-- WHAT THE EXERCISE ASKS --
Where the line containing "100 Trennstreifen grün 190 g/m² 50501" appears, start repeating, and continue exactly through the last line below, adding nothing. Include no pictures.

-- DATASET SECTION --
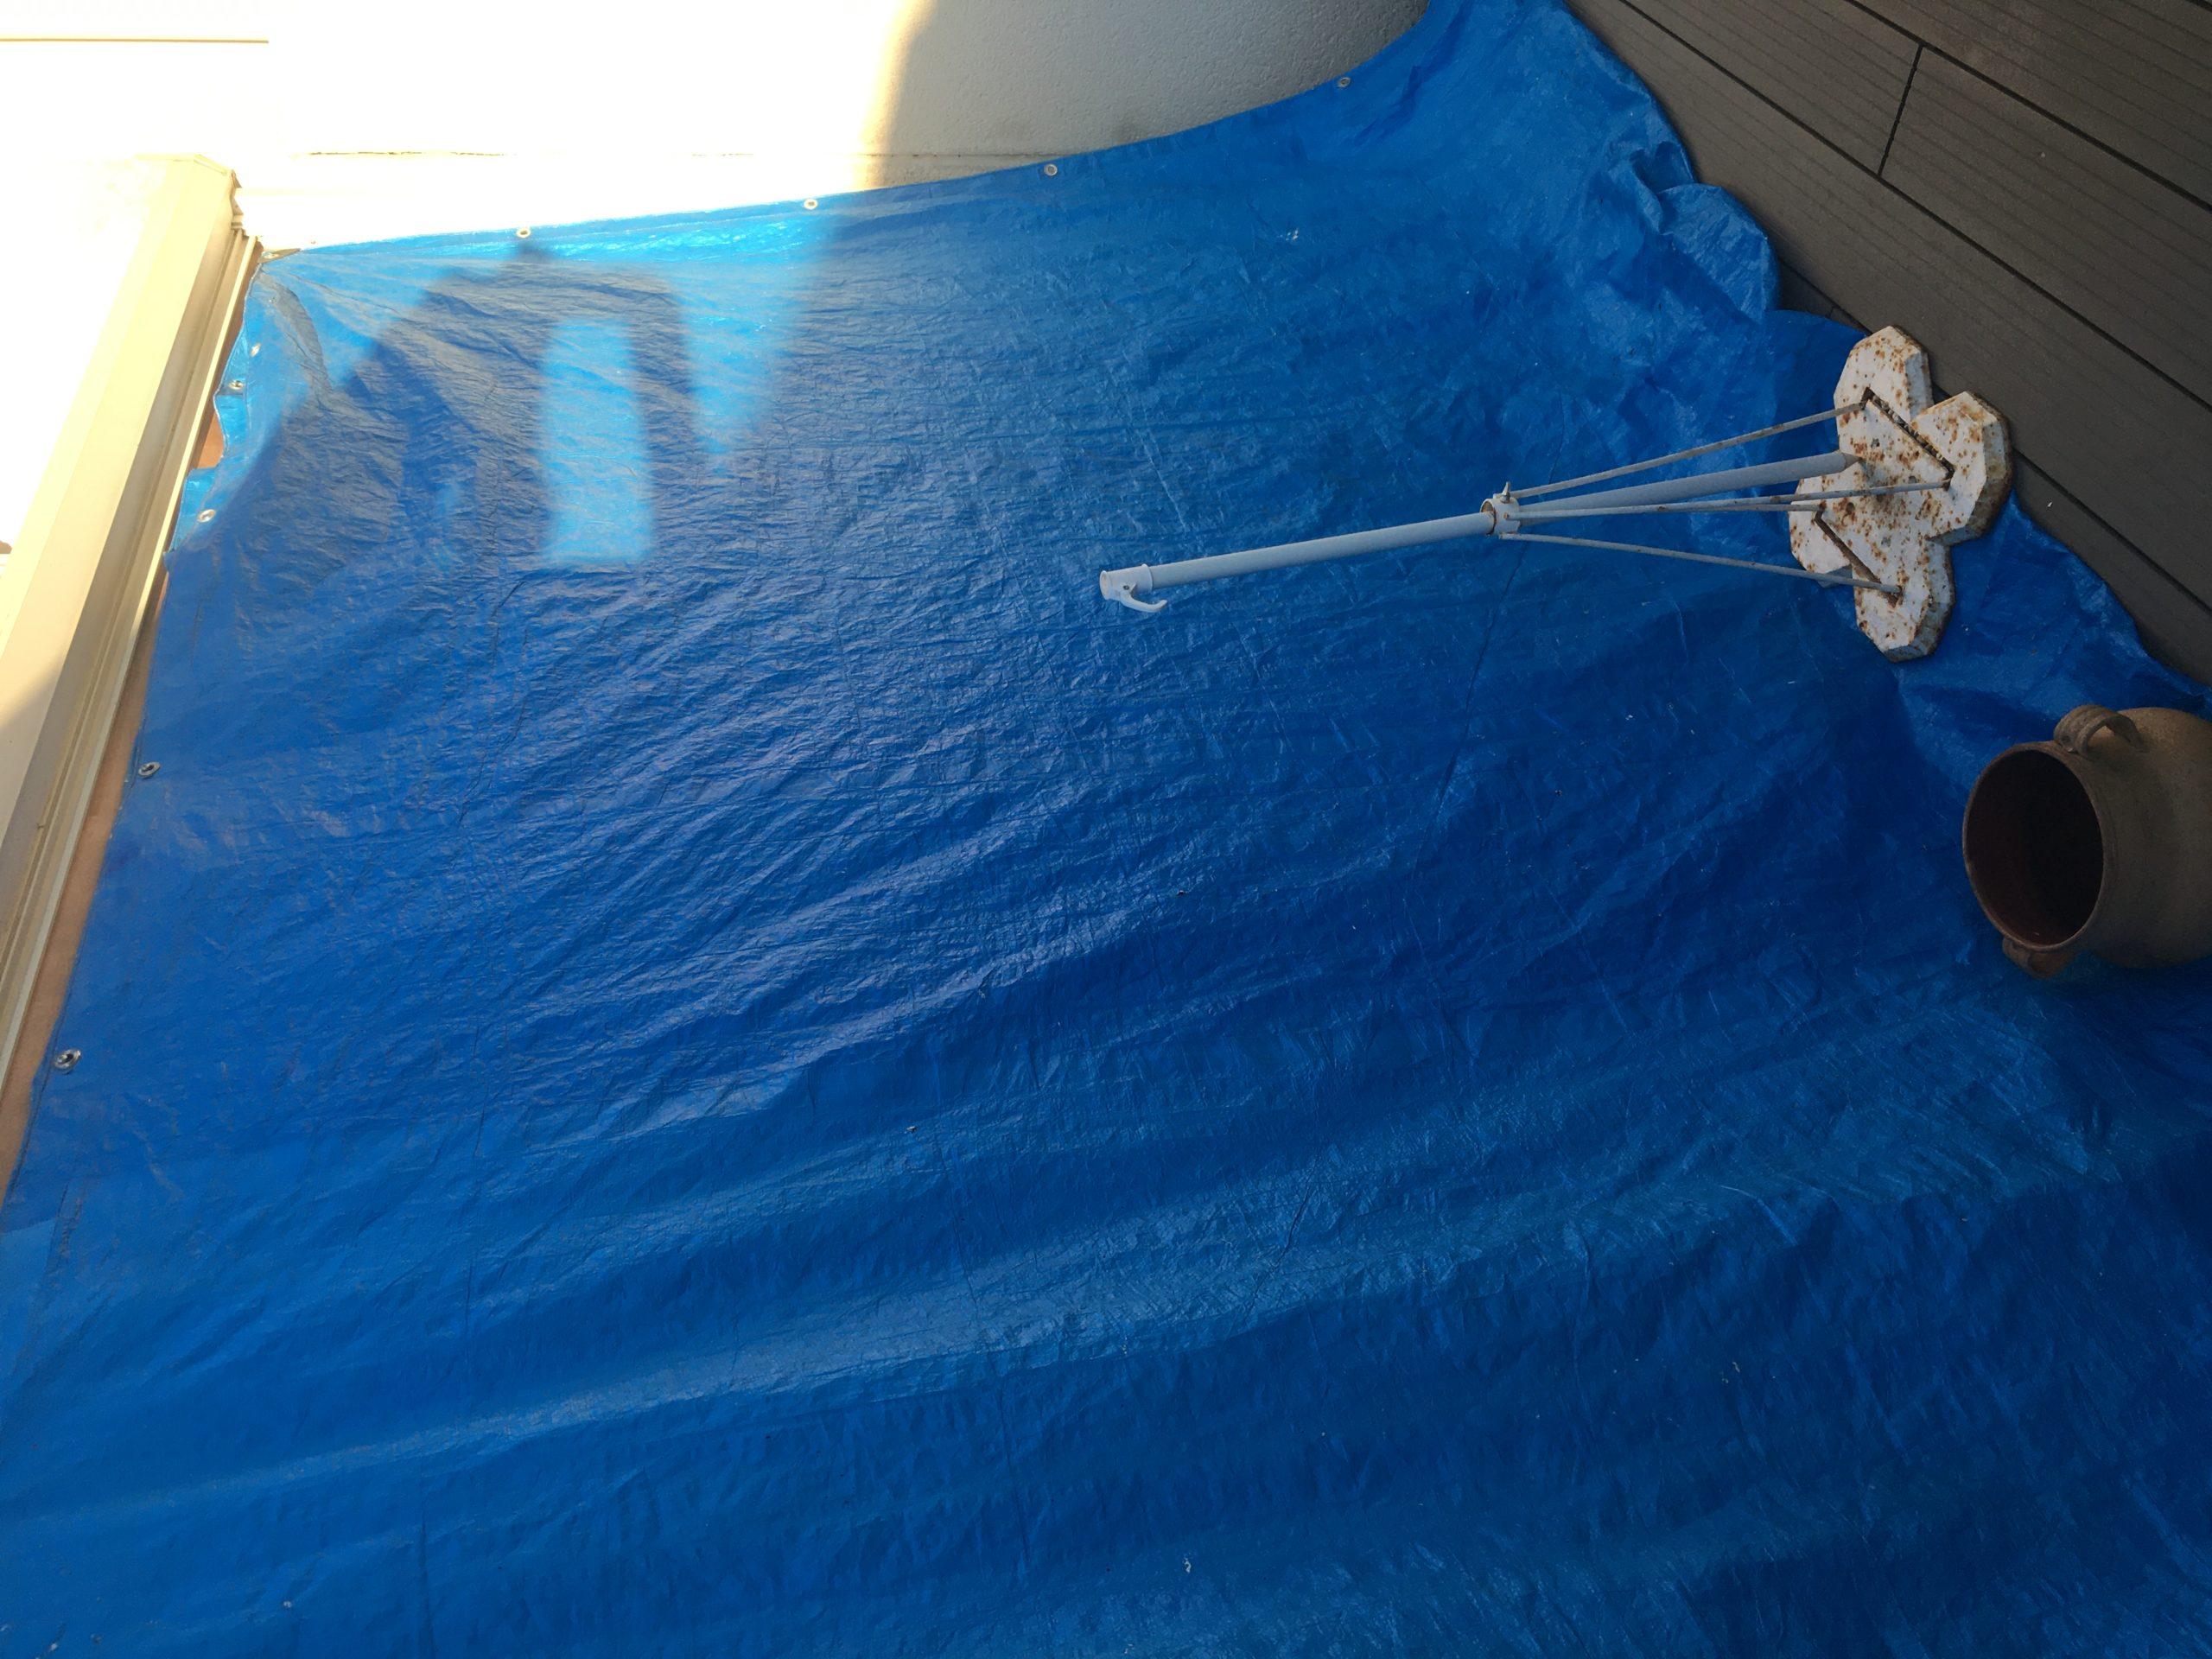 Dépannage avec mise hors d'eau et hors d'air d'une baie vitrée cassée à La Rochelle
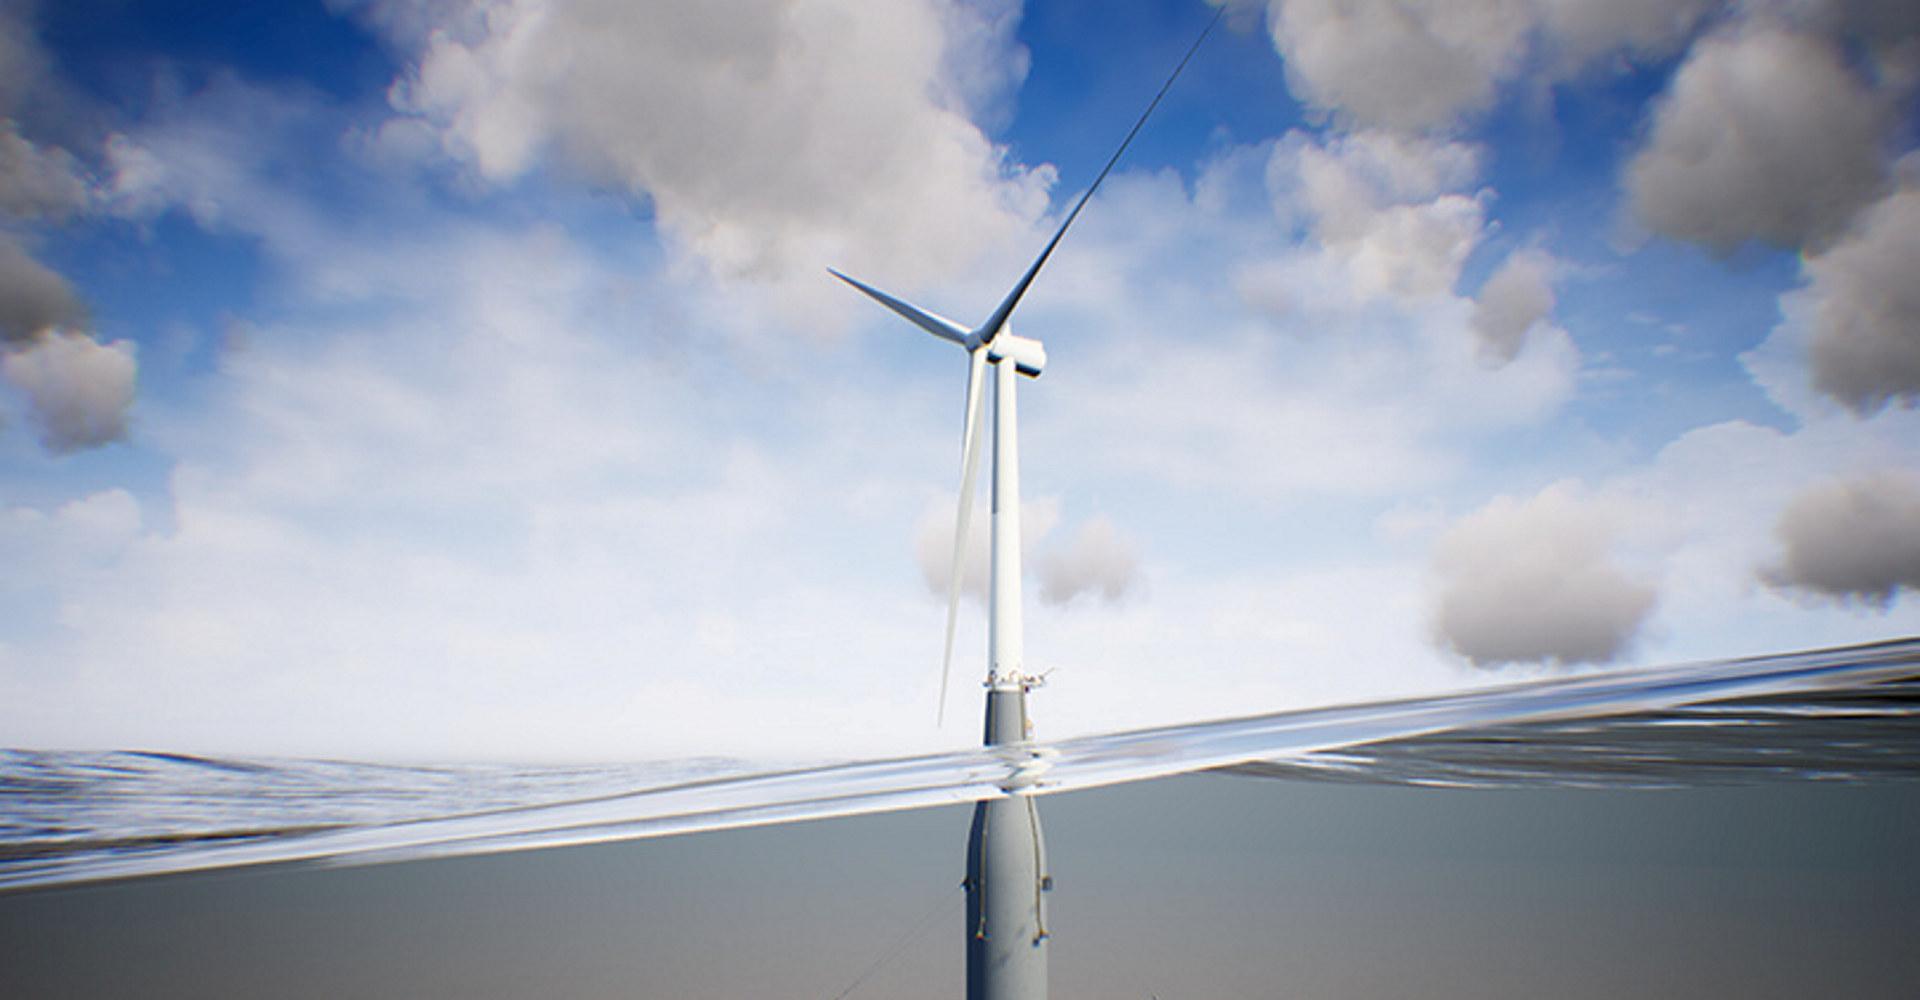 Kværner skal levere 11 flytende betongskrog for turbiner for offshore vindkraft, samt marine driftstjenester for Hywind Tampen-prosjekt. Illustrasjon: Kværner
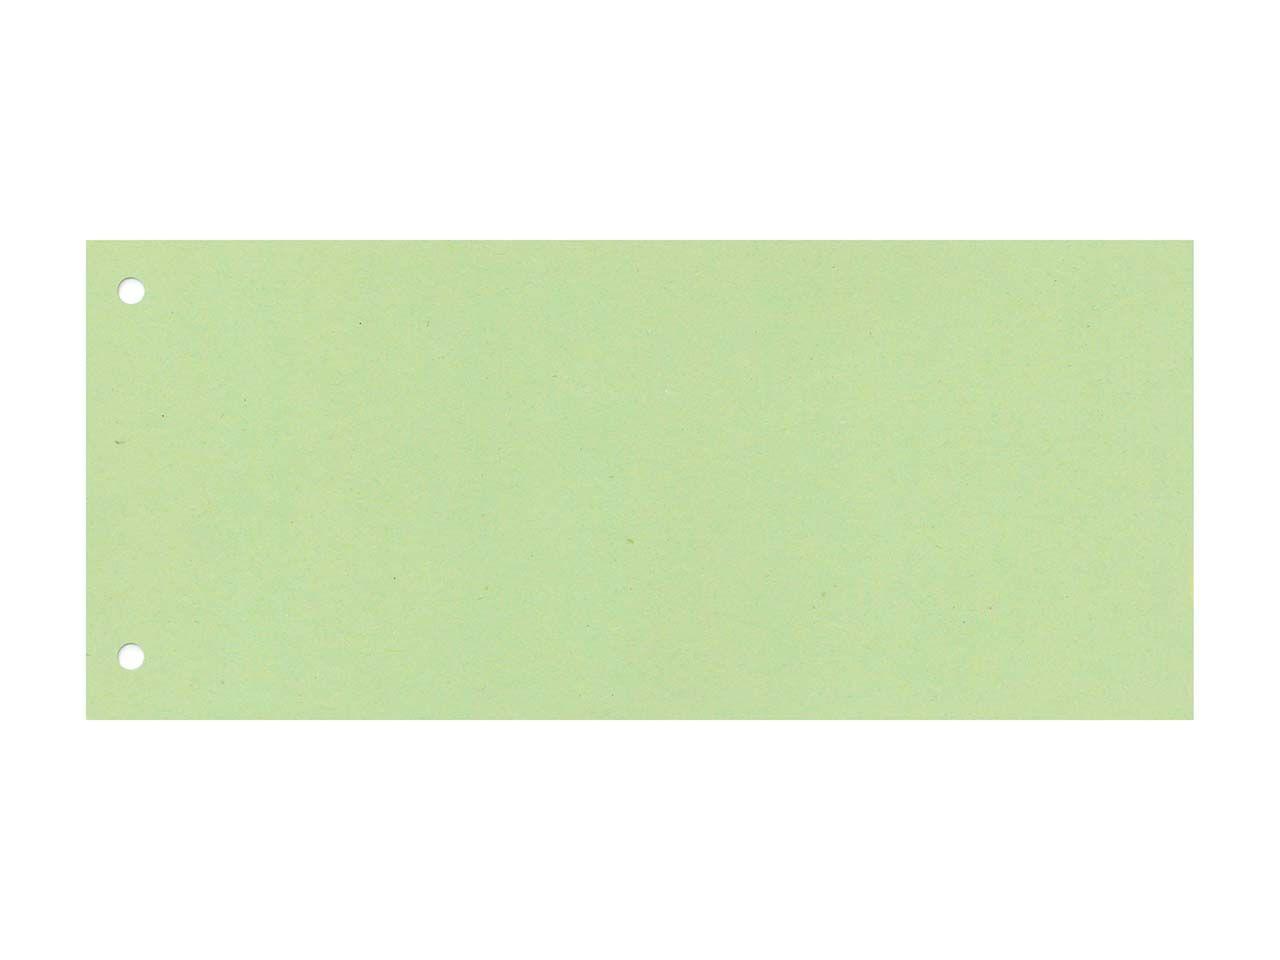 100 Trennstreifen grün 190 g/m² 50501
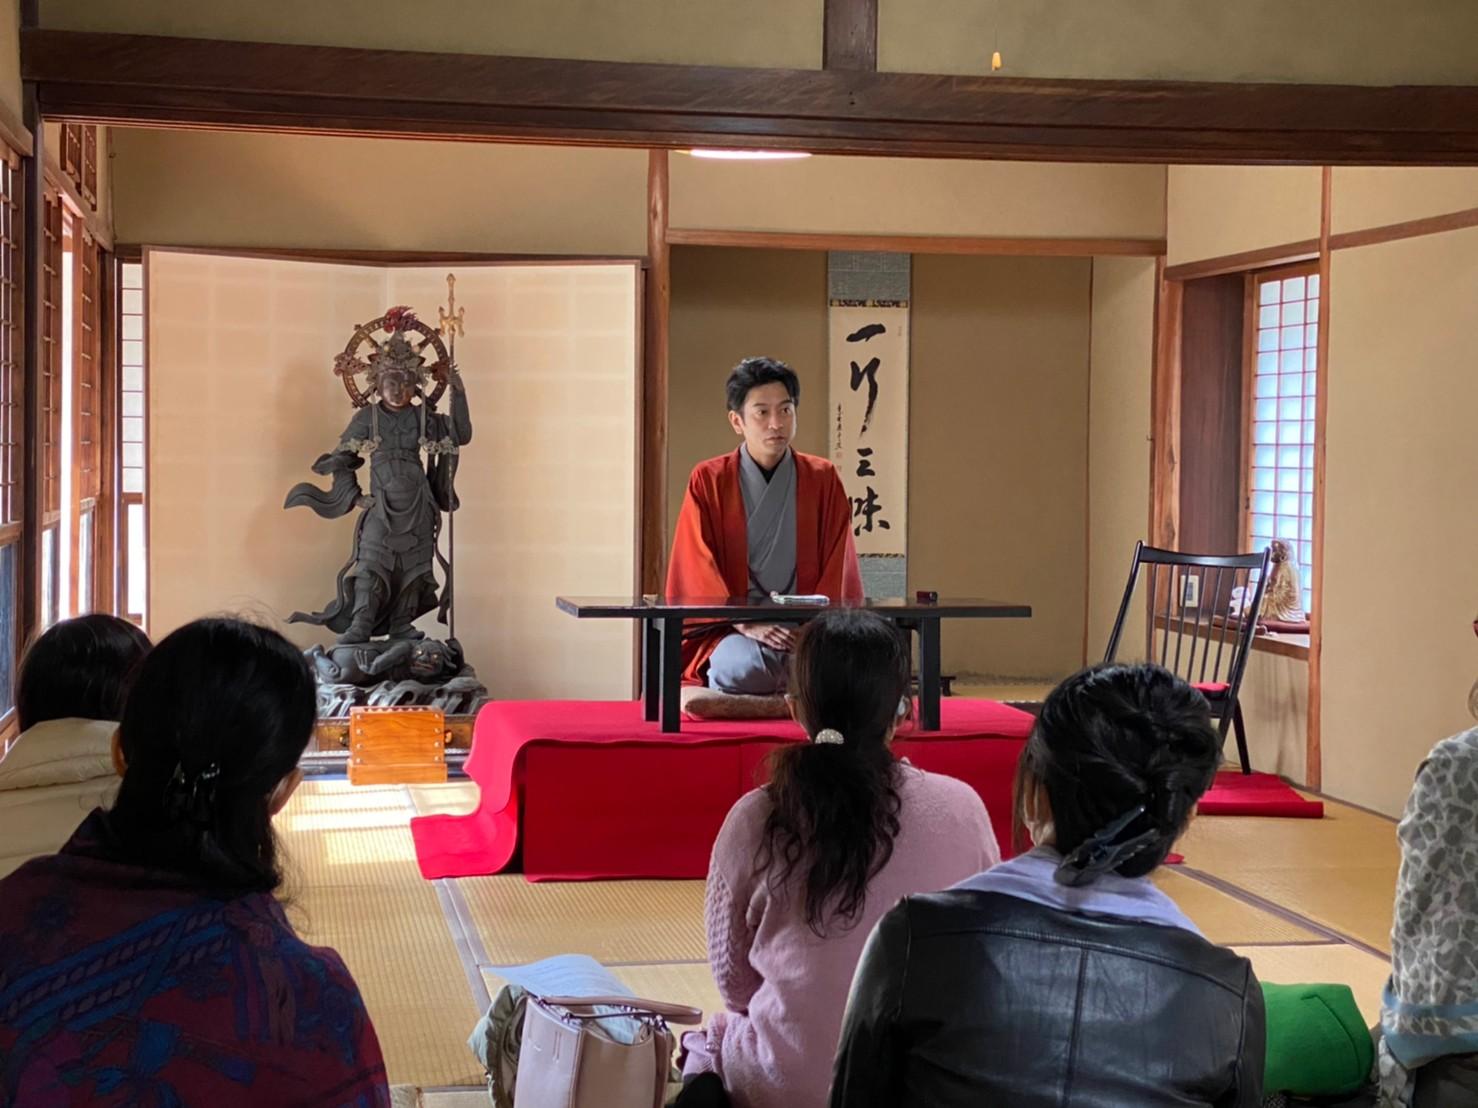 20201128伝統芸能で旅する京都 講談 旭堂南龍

-- ANSWER TO THIS EXERCISE --
 100 Trennstreifen grün 190 g/m² 50501
 20201128伝統芸能で旅する京都 講談 旭堂南龍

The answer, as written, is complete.